INFORMATION SUPPLIED ->
____________

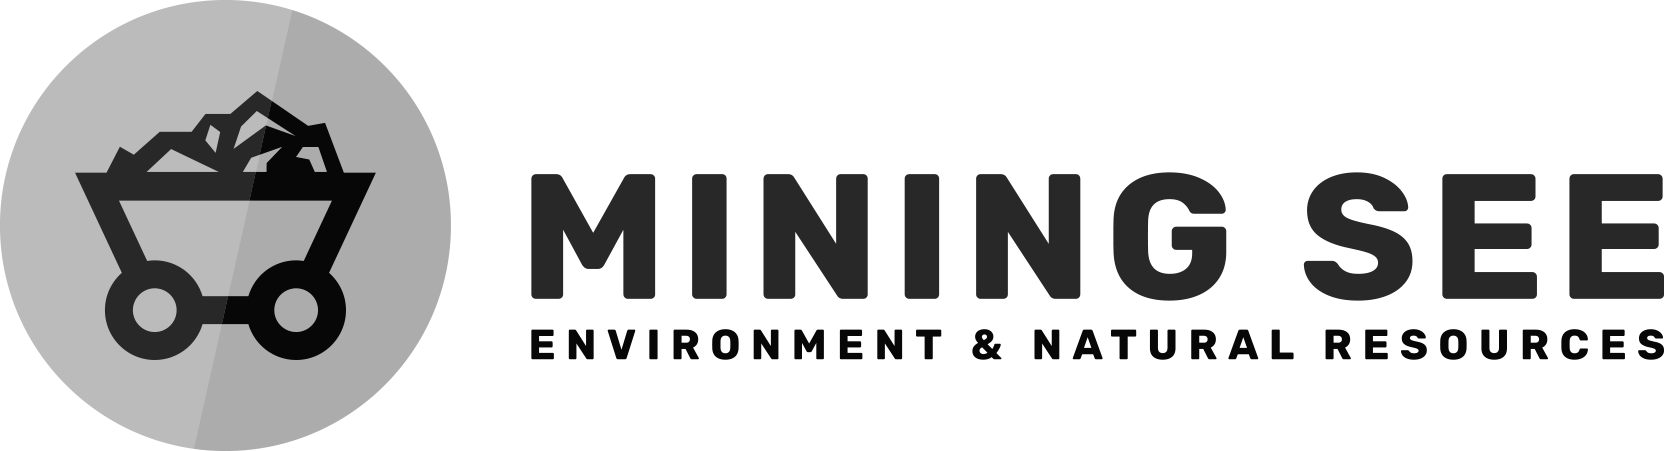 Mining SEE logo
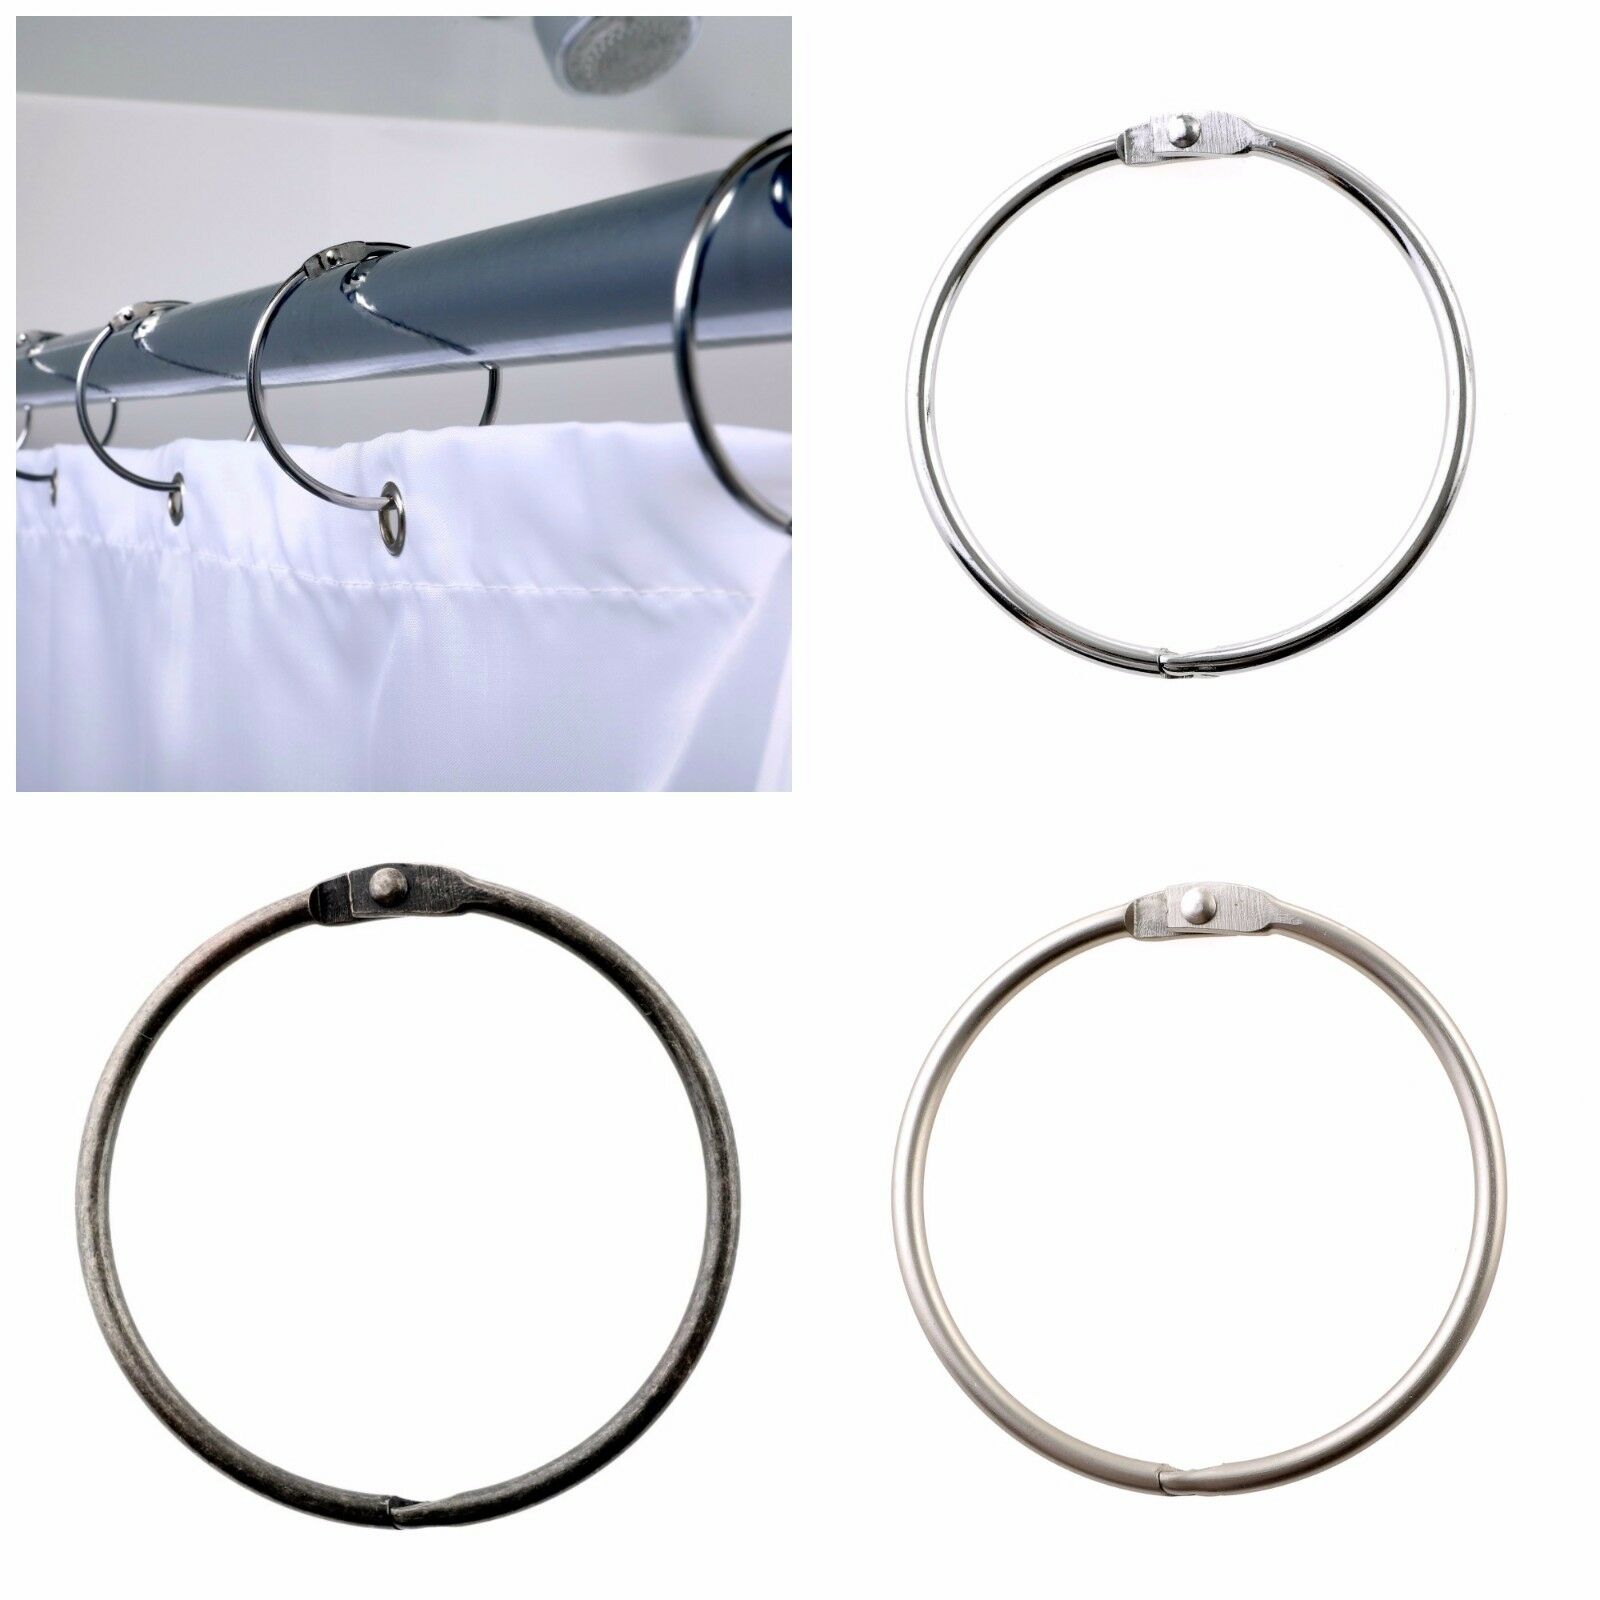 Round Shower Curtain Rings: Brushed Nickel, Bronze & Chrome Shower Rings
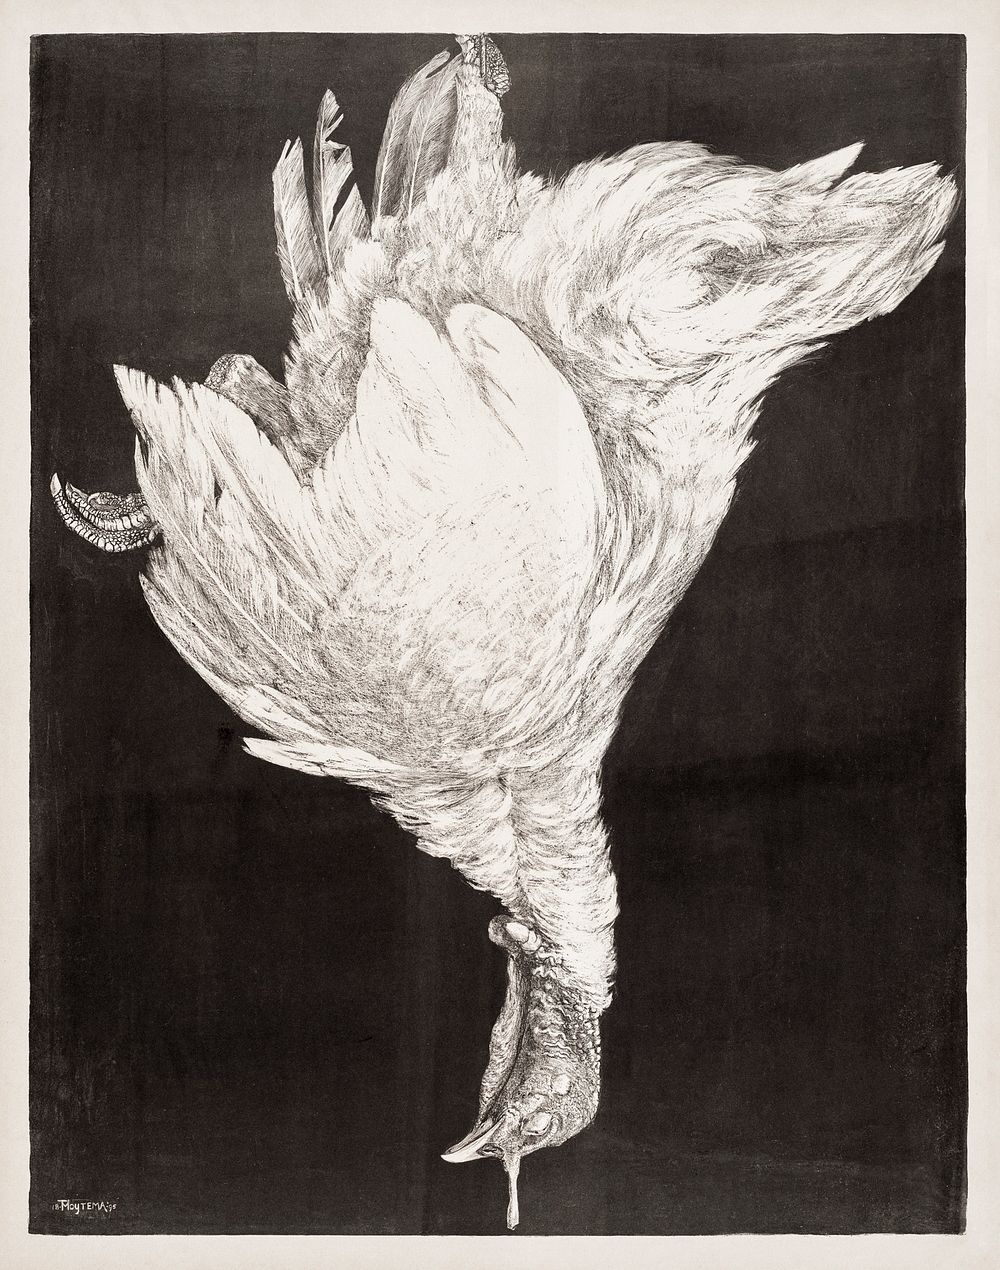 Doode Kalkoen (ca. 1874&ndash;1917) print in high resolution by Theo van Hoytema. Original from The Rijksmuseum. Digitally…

____________

EXERCISE -> Copy exactly, and only, the lines running from the one containing "Round Shower Curtain" through the final line of the data, and omit the pictures.

ANSWER ->
 Round Shower Curtain Rings: Brushed Nickel, Bronze & Chrome Shower Rings
 Doode Kalkoen (ca. 1874&ndash;1917) print in high resolution by Theo van Hoytema. Original from The Rijksmuseum. Digitally…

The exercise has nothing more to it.